Other than putting rock into a clean container with RO/DI water and having phosphates "appear" in 24 hours? ;)

You don't unless you specifically test for it. PO4 leaching seems to be the most common issue though. When you place the rock in water bacteria go to work and o organic residue can breakdown . With fresh water some of the rock surface may dissolve away contributing some otherwise encapsulated PO4 and other stuff stashed in the calcium carbonate too.

To thoroughly clean a rock: a bleach bath will destroy organics and an acid bath will dissolve the top layer taking what ever might be stuck there like PO4 or copper if the rock was previously exposed to it.
 
Same here.

http://naturalchemistry.com/get_fil...lish+MSDS/Phosfree+-+English+MSDS+-+Aug10.pdf
Lanthanum chloride 10099-58-8 7 - 13
Lanthanum sulfate 10099-60-2 1 - 5

http://www.seaklear.com/sites/default/files/HSI_MSDS-SEAKLEAR_Phosphate_Remover(2)[1].pdf
Proprietary Lanthanum salt derivative 35 "“ 65 YES
All other components are non-hazardous. 35 "“ 65 NO

I use the phosfree with a diatom filter as it's really cheap. Though I get the phosfree and not the phosfree+. Not sure what the difference is between the two.
 
So it appears the seaklear is 5x more concentrated.
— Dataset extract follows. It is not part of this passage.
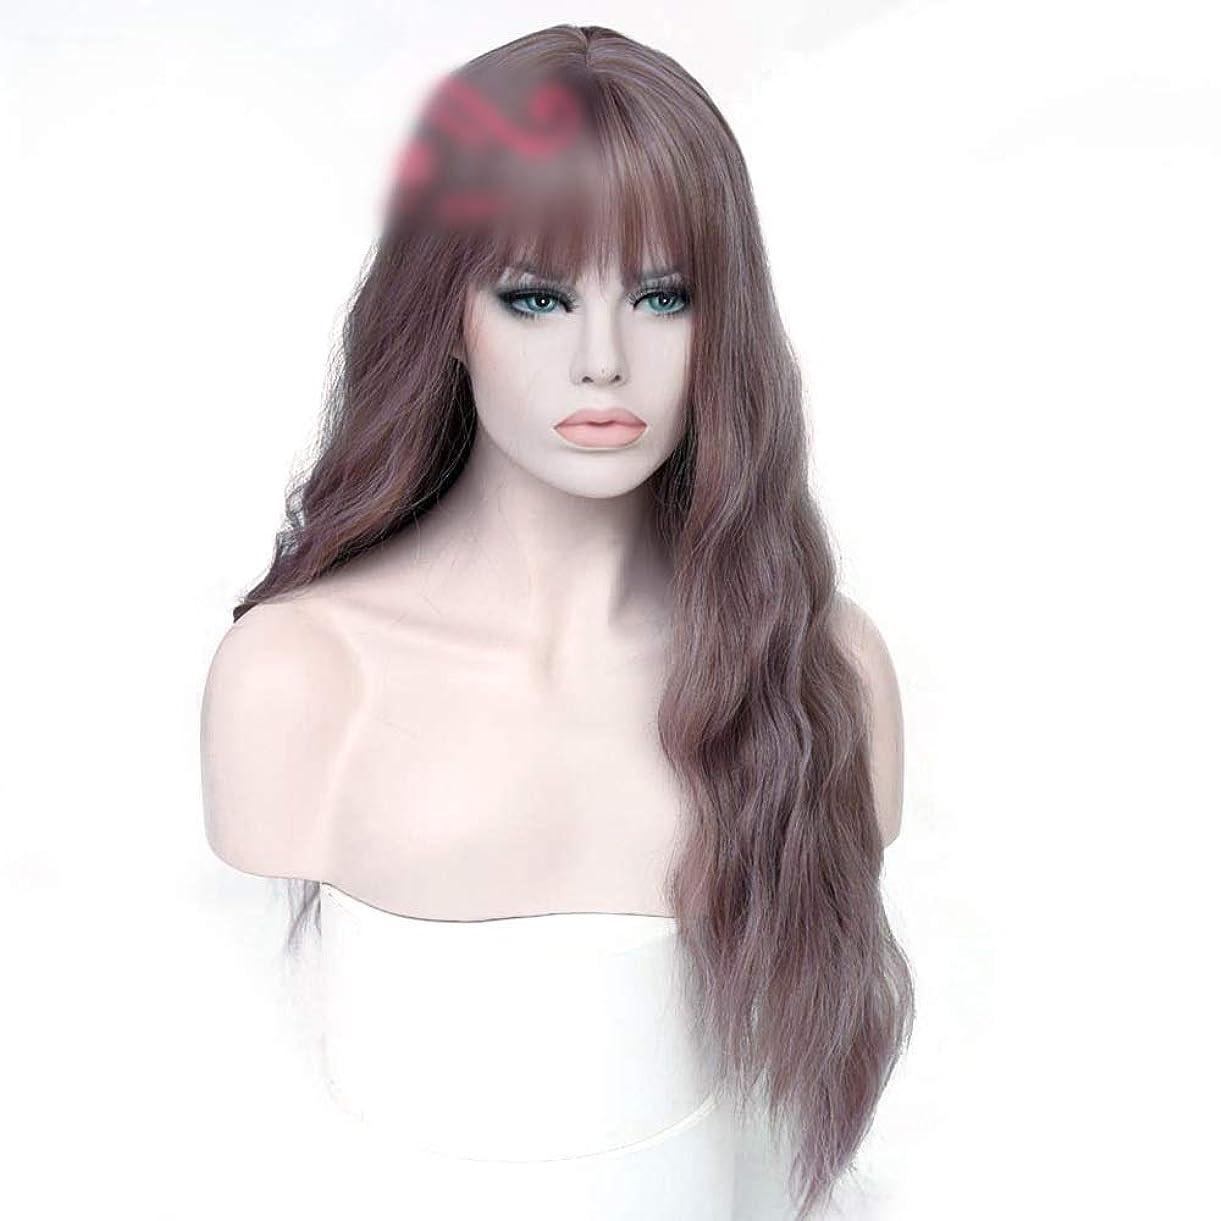 反発人間避けるWASAIO 毎日のヘアバンの女性の長い巻き毛 (色 : Photo color)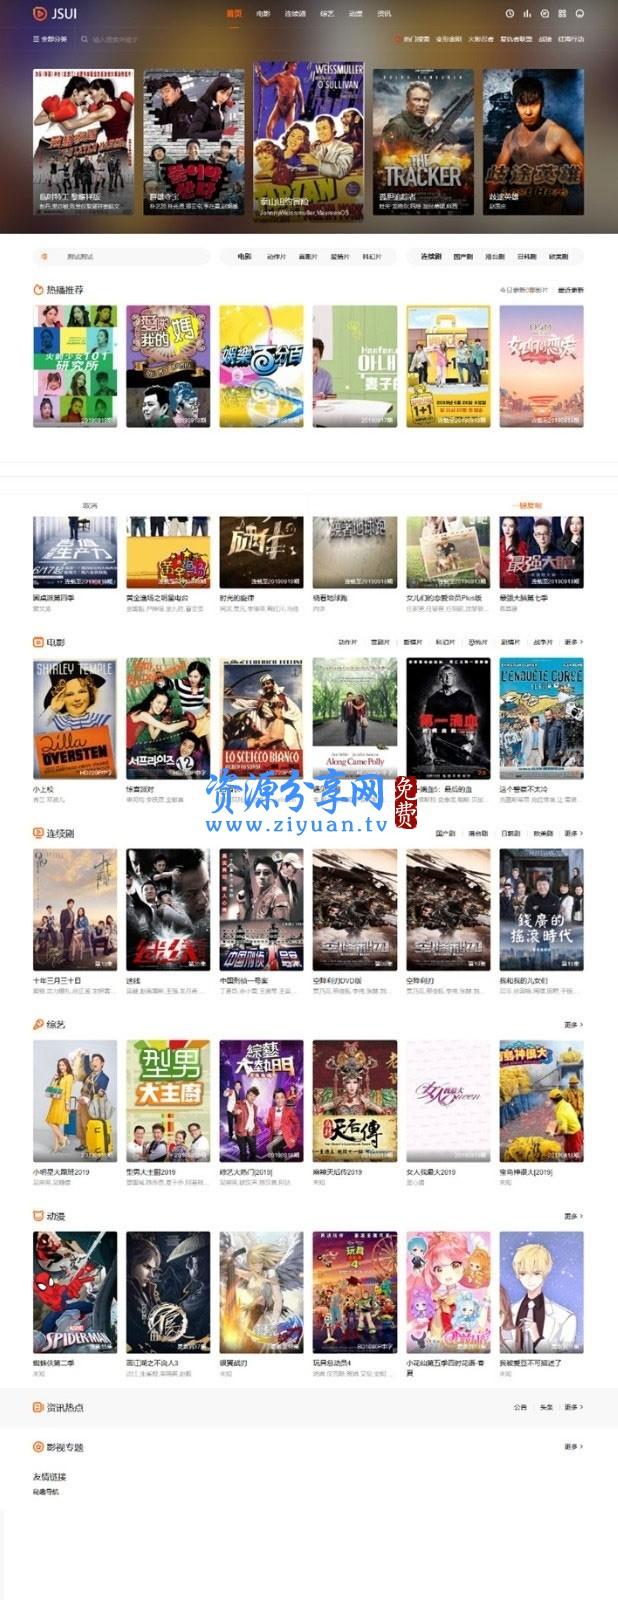 苹果 cmsV10 秘趣在线影视视频网站源码

Seeing as people were using 5mL to 300g, I should be using 25mL to 300g? My container has about 30 gallons of water, so I will try 2.5mL.

When using this in a brute can should I drip it? How often should I dose it?
 
Same here.

http://naturalchemistry.com/get_fil...lish+MSDS/Phosfree+-+English+MSDS+-+Aug10.pdf
Lanthanum chloride 10099-58-8 7 - 13
Lanthanum sulfate 10099-60-2 1 - 5

http://www.seaklear.com/sites/default/files/HSI_MSDS-SEAKLEAR_Phosphate_Remover(2)[1].pdf
Proprietary Lanthanum salt derivative 35 – 65 YES
All other components are non-hazardous. 35 – 65 NO



So it appears the seaklear is 5x more concentrated.

Seeing as people were using 5mL to 300g, I should be using 25mL to 300g? My container has about 30 gallons of water, so I will try 2.5mL.

When using this in a brute can should I drip it? How often should I dose it?

I don't know if it's safe or not, just posting what I found on the sheets. Lanthanum chloride seems normal where Lanthanum sulfate is only referenced in a few spots on the forum, without completely clear answers as far as I can tell. I also was told by the lady at the store how it wouldn't precipitate out like seaklear would, so I'm not sure if that's a good thing either. I was hoping to mix it in a bucket with dry rock and let it run for a period with 100% water changes in the middle. If it doesn't precipitate out and is meant to stick to a pool skimmer, what happens to it in this case? Sitting on the surface of the rock? On the bucket? How do we ensure it's OUT before adding it to the tank?
 
Yeah, that would be an important factor. Anyone have any idea on the phosfree product before I open this $30 bottle?
 
I would hope that a good rinse would remove the precipitate, but that might not be true. I can't think of any very good way of testing that theory, unfortunately.
 
Any thoughts on the Lanthanum sulfate? It's always possible the other one has it too, but you can't really tell with the lack of disclosure.
 
Installed dry rock as well on my new setup in March 2010 and still fighting hair algae problems a year later. No t a major issue, but very frustrating since I practice weekly 10-15% WC, use GFO and change monthly, rinse frozen foods, etc.

I cycled the rock for two weeks with saltwater, but wish I took my time. I had to switch out my old 180 to the new 180 within one day, so I did not have the luxury to cycle the new setup.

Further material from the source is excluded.